Unable to get a consensus to vote before July recess, Senate Majority Leader Mitch McConnell and other Senate Republicans have repackaged their old proposals from the end of June and the bill passed by the House, trying to sell as something new. But the American people will not be tricked.

The supposedly updated version is still anemic and still stands to  destroy Medicaid coverage for  15 million Americans — seniors, children, and people with disabilities. This bill would be disastrous for working people, disastrous in terms of job losses, and disastrous to our healthcare system as a whole.
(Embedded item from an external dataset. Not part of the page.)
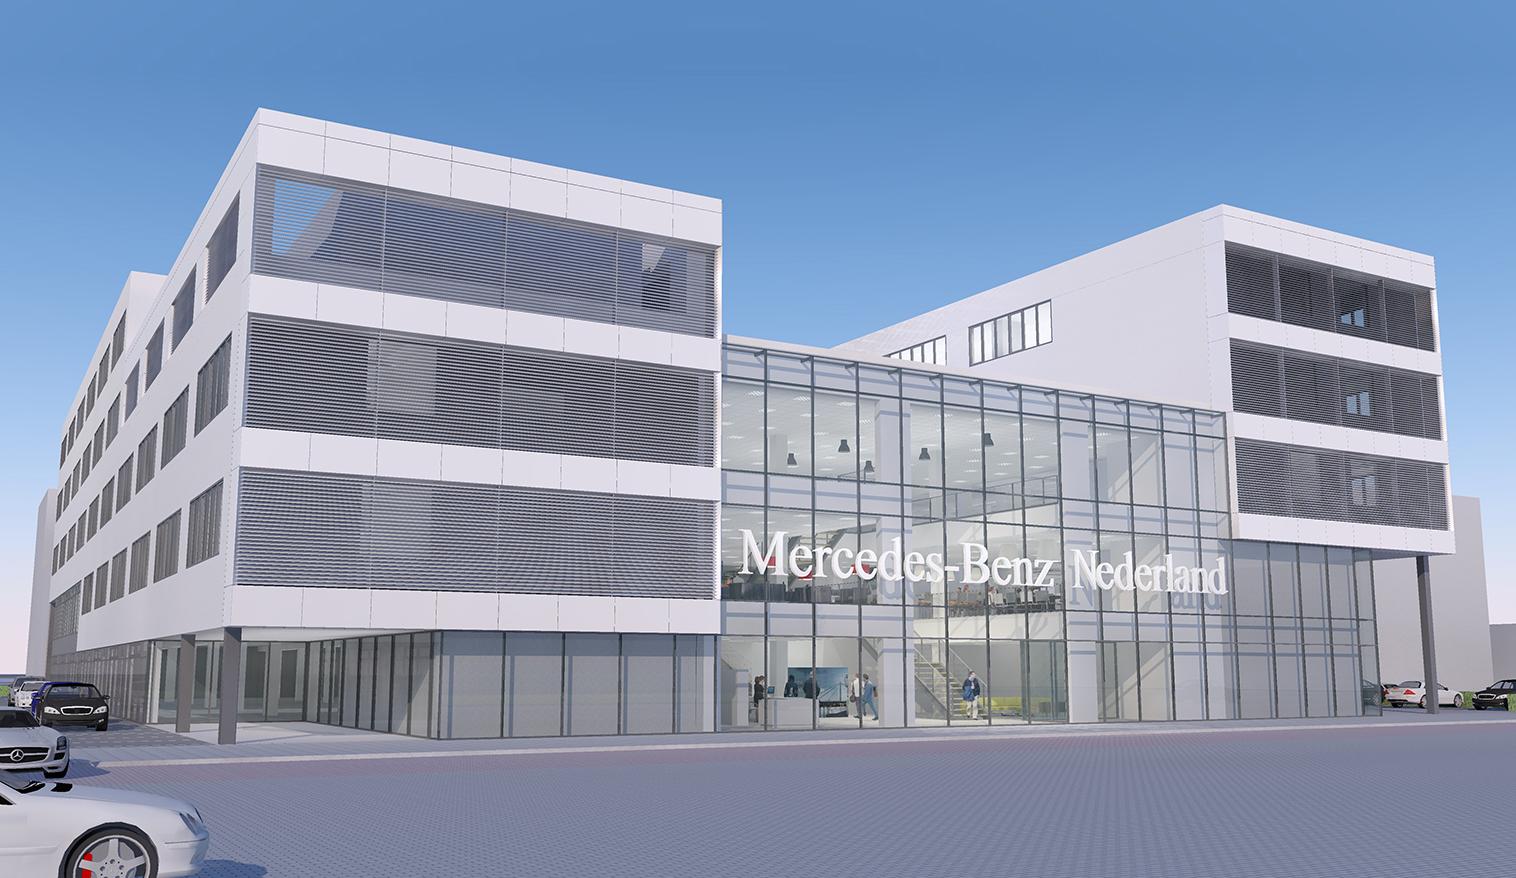 01 OPL Architecten_Mercedes Benz HQ-1516×878-72dpi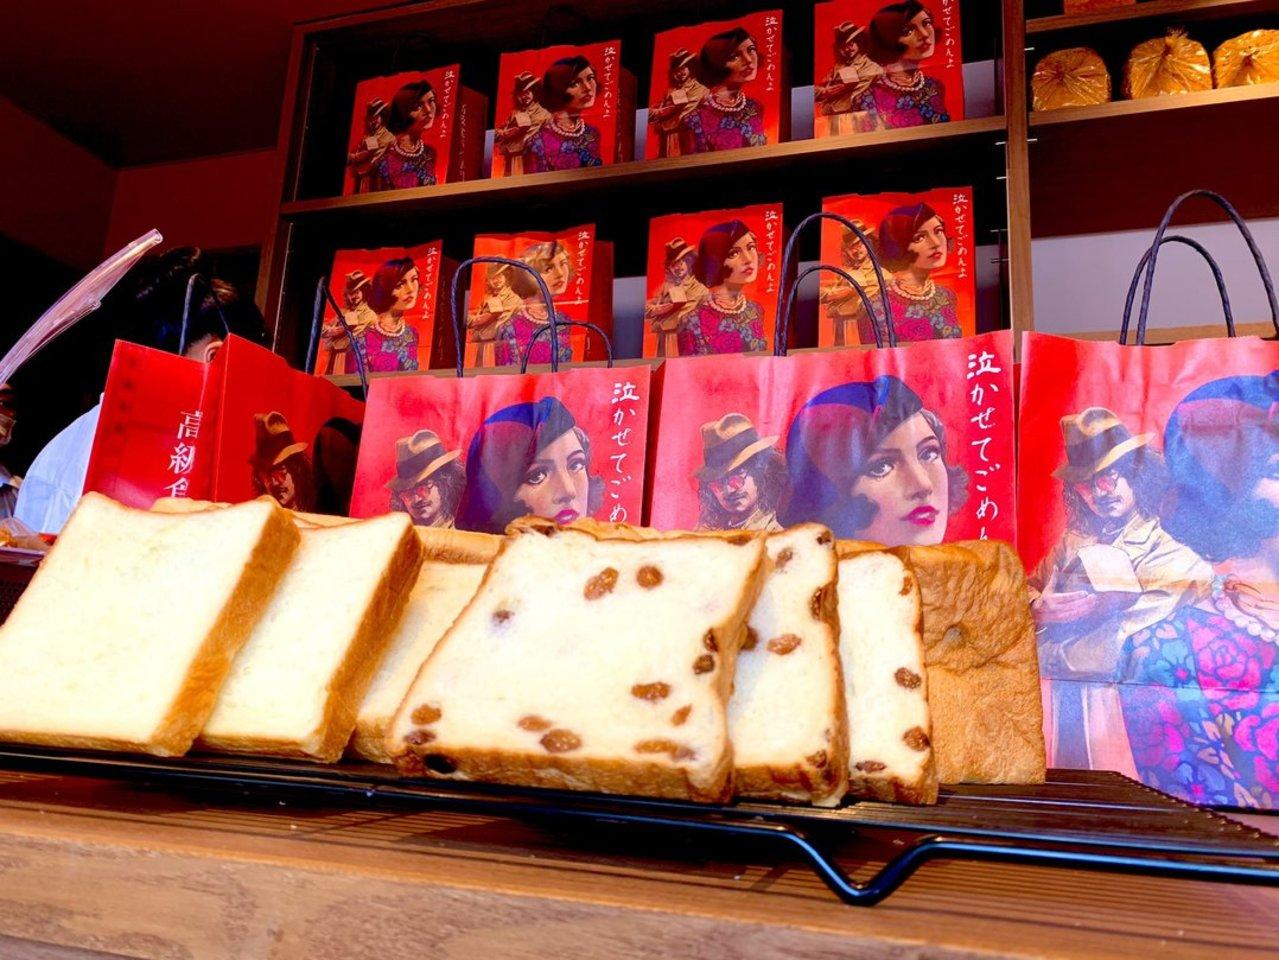 岩手県盛岡市本宮2丁目に高級食パン店「泣かせてごめんよ盛岡店」が本日グランドオープンのようです。

Timing: A CBO score on the most recent bill is expected Monday, July 17. A vote on the motion to proceed  is expected as early as Tuesday, July 18 with a final vote by next Thursday, July 20, 2017. This bill is structurally flawed and cannot be fixed.   We must call Congress and tell them to vote “NO” to allowing this bill to proceed to a vote.

 

This Is What the Senate’s Healthcare Bill Means for Working People:  

  • The reheated Senate bill still rips health care from millions of Americans, guts Medicaid, puts working people at risk of losing their jobs, weakens protections for people with pre-existing conditions and increases premiums and out-of-pocket costs.
  • This bill also keeps drastic cuts to Medicaid in order to give millionaires and drug and insurance companies an enormous tax break. And Americans who can least afford to be without access to healthcare –working families, seniors, children and people with disabilities– will be hardest hit.
  • America’s seniors and working people will pay more out-of-pocket costs for health care plans that will cover far less, so the reduced premiums Senate Republicans are touting won’t matter much because people won’t be able to afford the care they need.

New Business/Non-Financial Approvals

The Board voted to amend the Union’s Administrative Policies and Procedures to establish an Asian Desi Pacific Islander Caucus.

 

The Board endorsed the Portland AIDS Walk.

 

The Board voted to endorse a celebration commemorating the 1987 State Worker Rolling Strike.

The Board voted to approve interstate travel for the Homecare Council Conference.